2022-06-16 15:26:16 [PrimaryChain] 💤 Idle (80 peers), best: #231960 (0x1bbc…6fb6), finalized #0 (0x9ee8…ccf0), ⬇ 352.0kiB/s ⬆ 117.4kiB/s
2022-06-16 15:26:18 [PrimaryChain] ✨ Imported #231961 (0x96cb…89cd)
2022-06-16 15:26:18 [PrimaryChain] ♻️  Reorg on #231961,0x96cb…89cd to #231961,0x01b7…53c4, common ancestor #231960,0x1bbc…6fb6
2022-06-16 15:26:18 [PrimaryChain] ✨ Imported #231961 (0x01b7…53c4)
2022-06-16 15:26:21 [PrimaryChain] 💤 Idle (80 peers), best: #231961 (0x01b7…53c4), finalized #0 (0x9ee8…ccf0), ⬇ 173.2kiB/s ⬆ 86.2kiB/s
2022-06-16 15:26:24 [PrimaryChain] ✨ Imported #231962 (0x1bdc…624f)

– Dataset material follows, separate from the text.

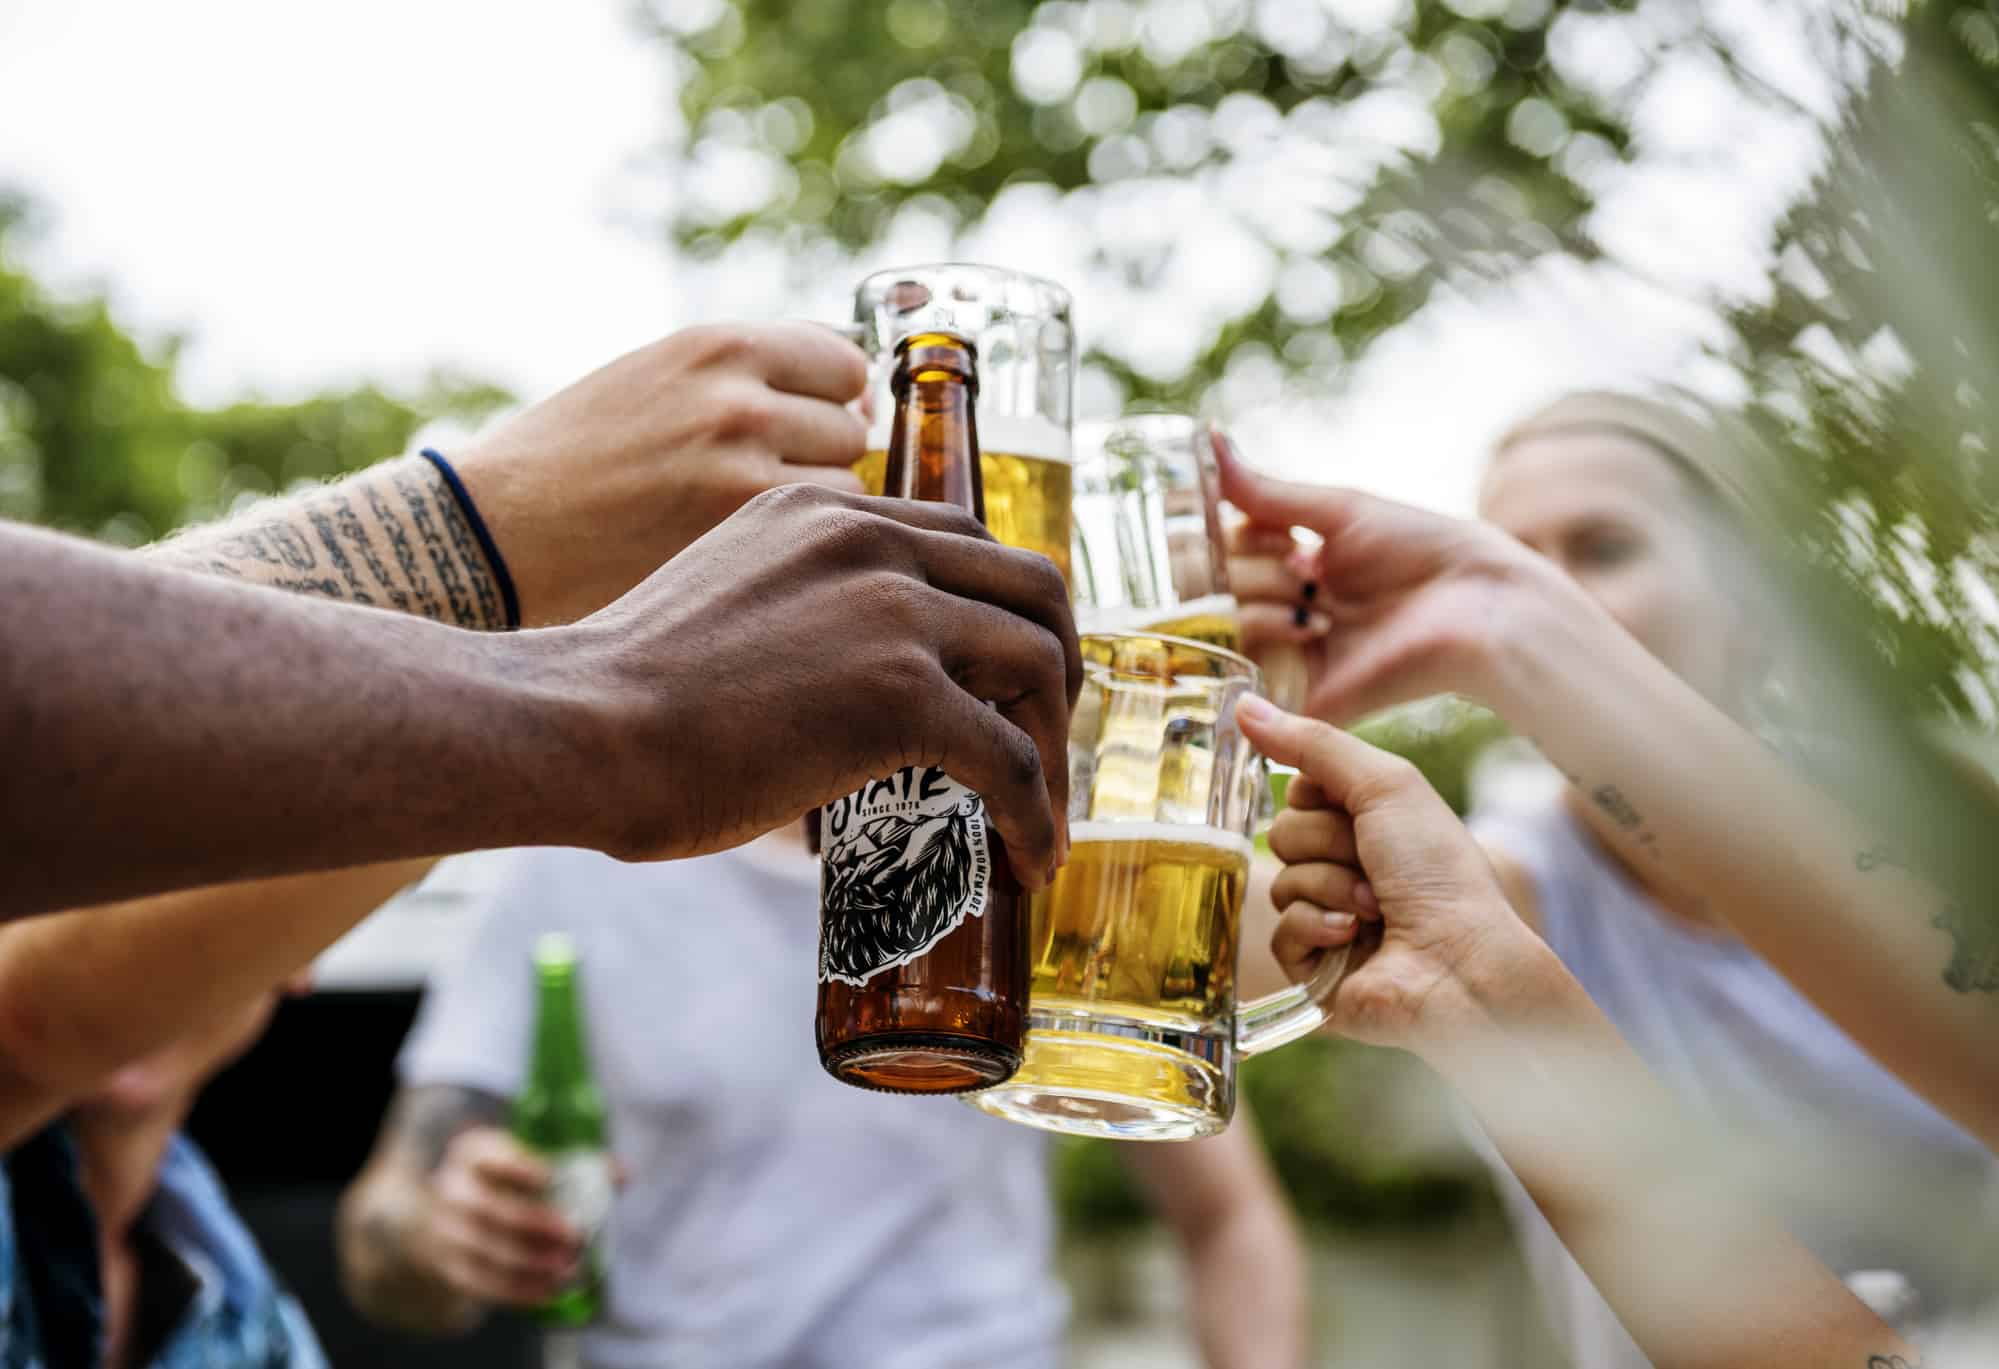 A group of people toasting beer bottles outdoors.
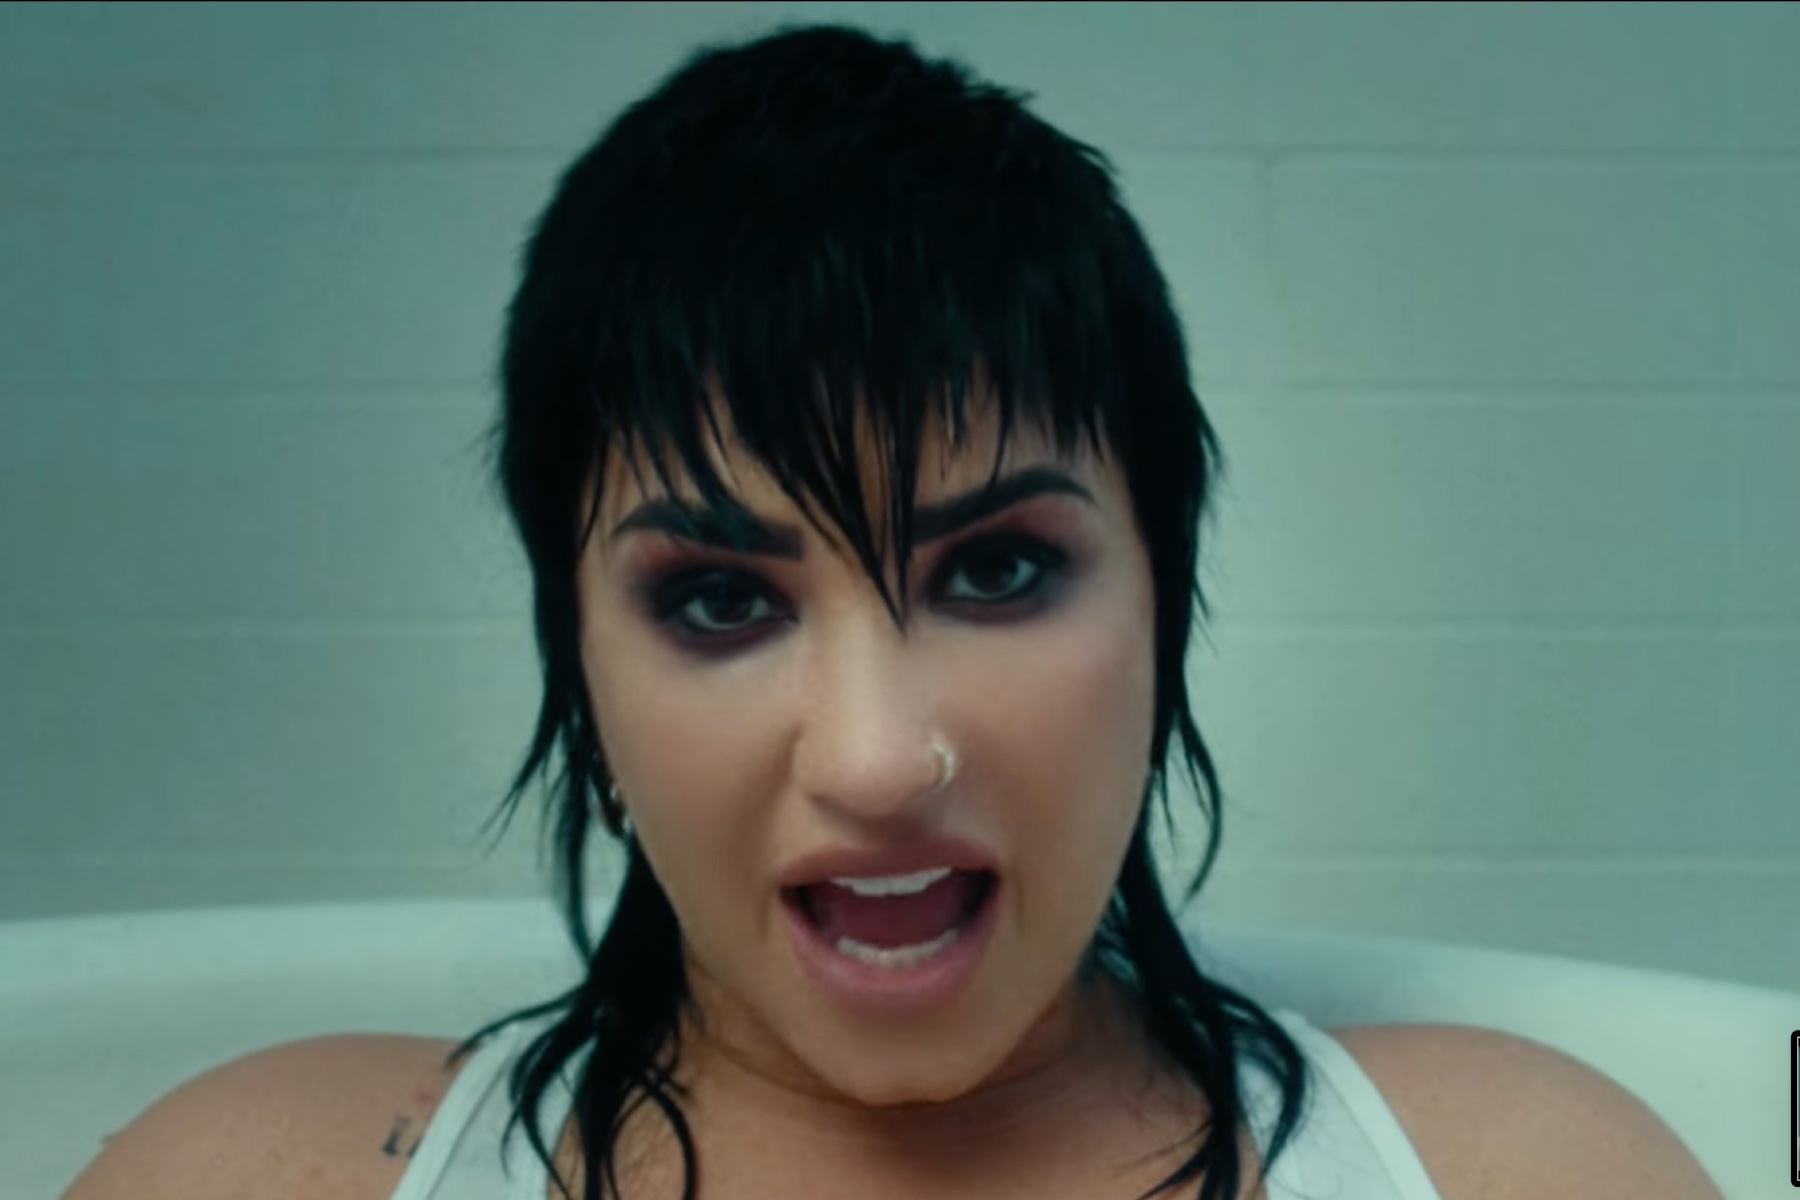 in article about Holy Fvck by Demi Lovato, a screenshot from the video skin of my teeth

2022-06-16 15:26:26 [PrimaryChain] 💤 Idle (80 peers), best: #231962 (0x1bdc…624f), finalized #0 (0x9ee8…ccf0), ⬇ 253.7kiB/s ⬆ 75.8kiB/s
2022-06-16 15:26:27 [PrimaryChain] 💔 Verification failed for block 0x48db074527a135a05da14430d331f61a41d41a4d96658c0db32f9cd591c0f9cf received from peer: 12D3KooWBQkezfW7xESWMc3LAu3UEtCkppW8mMKXWDx6YF8CXuQw, "UnknownBlock: State already discarded for BlockId::Hash(0x8084702a7df7b3680515ec96cf844274cc5cc770e5a7dcbf50f07a8339892751)"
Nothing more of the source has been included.